Segment Start: Input for this task

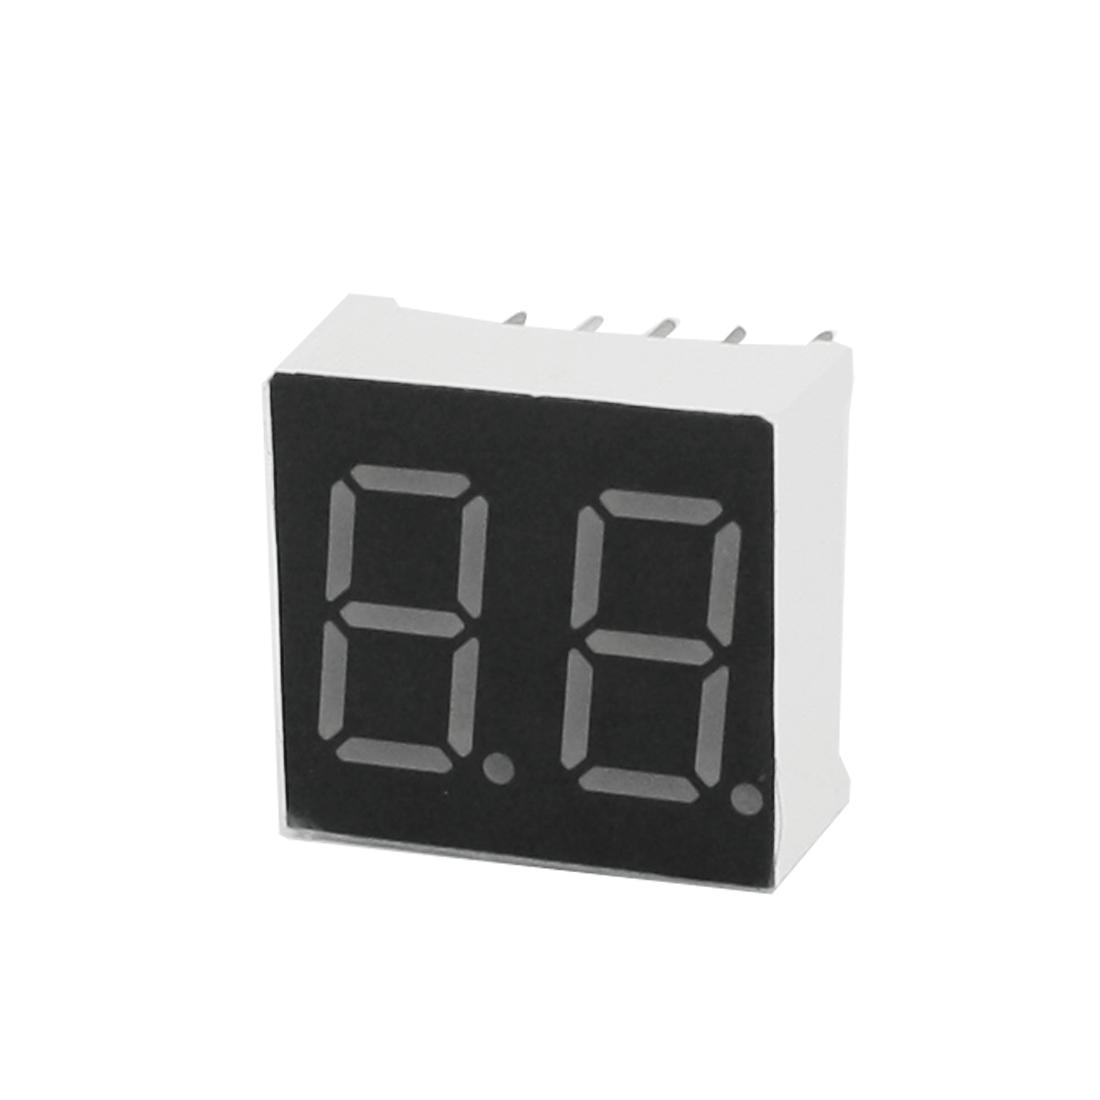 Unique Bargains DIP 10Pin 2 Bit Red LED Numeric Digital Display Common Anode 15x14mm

Segment End: Input for this task
Segment Start: Input for this task

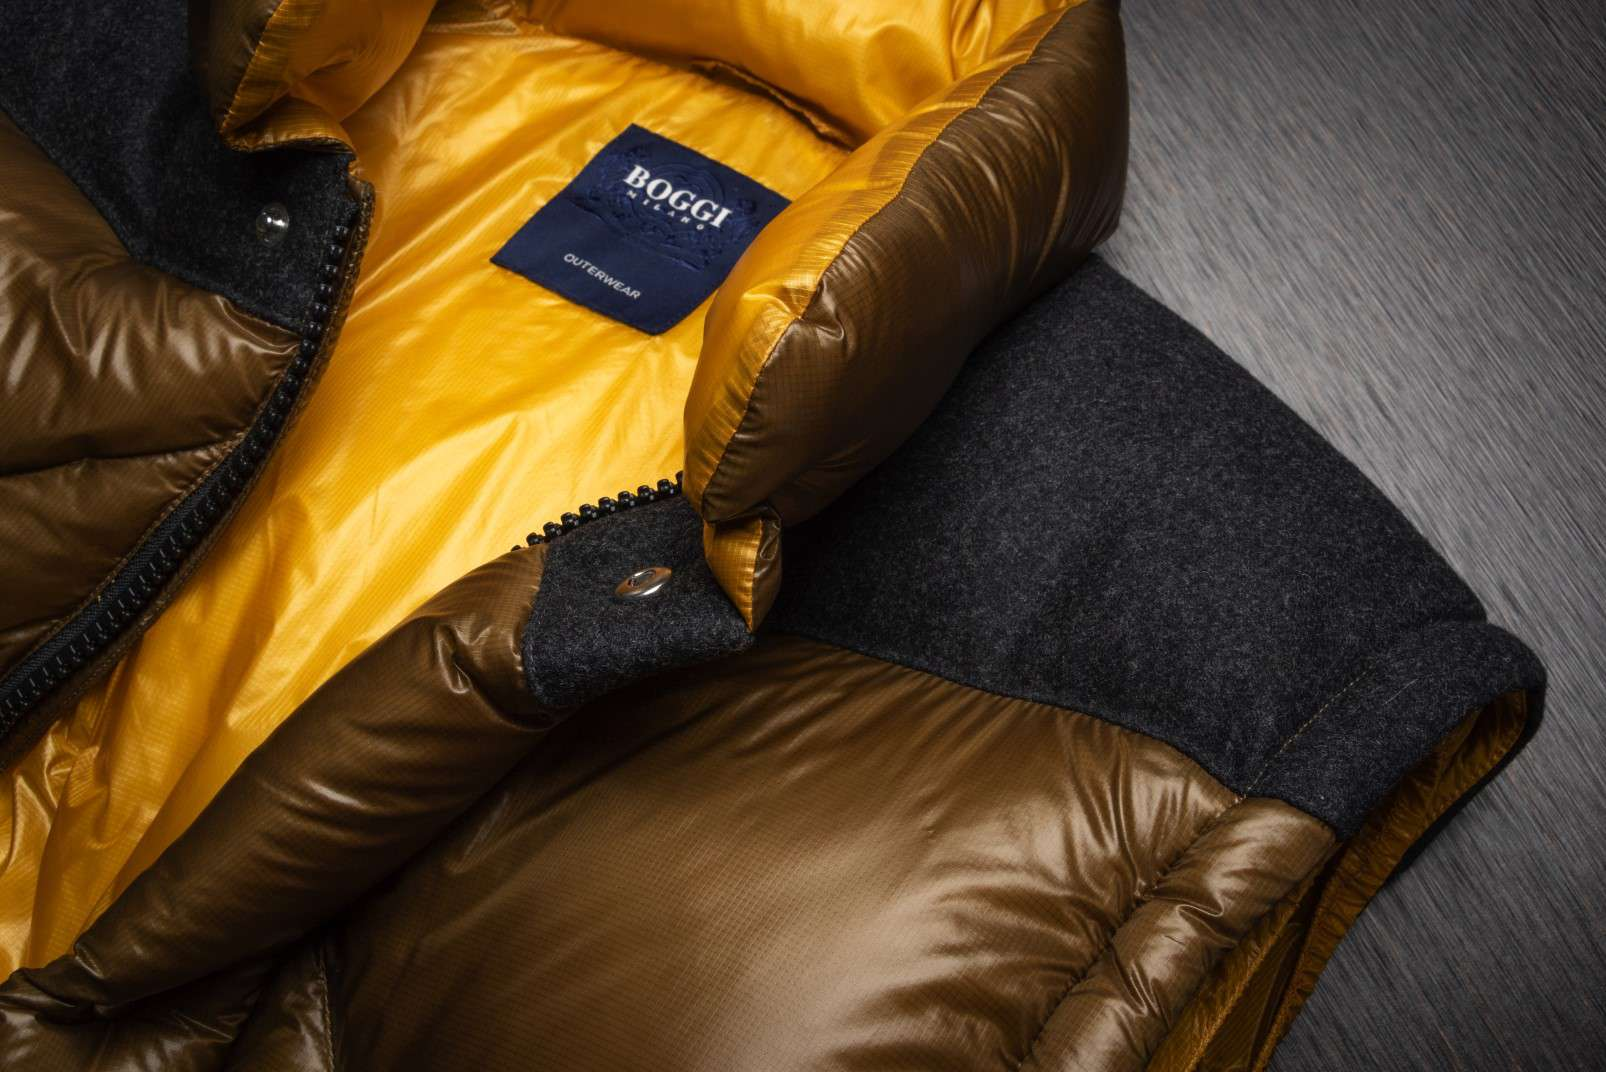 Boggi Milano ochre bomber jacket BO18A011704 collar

Segment End: Input for this task
Segment Start: Input for this task

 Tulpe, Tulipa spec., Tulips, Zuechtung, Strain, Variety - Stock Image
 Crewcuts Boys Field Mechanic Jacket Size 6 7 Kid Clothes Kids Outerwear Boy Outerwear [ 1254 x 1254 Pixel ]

Segment End: Input for this task

Work instructions:
Would you retype the lines above from the one with "Tulpe, Tulipa spec., Tulips, Zuechtung, Strain, Variety" down to the one with "Crewcuts Boys Field", word for word, both ends included and no other lines?

Answer to the problem:
 Tulpe, Tulipa spec., Tulips, Zuechtung, Strain, Variety - Stock Image
 Crewcuts Boys Field Mechanic Jacket Size 6 7 Kid Clothes Kids Outerwear Boy Outerwear [ 1254 x 1254 Pixel ]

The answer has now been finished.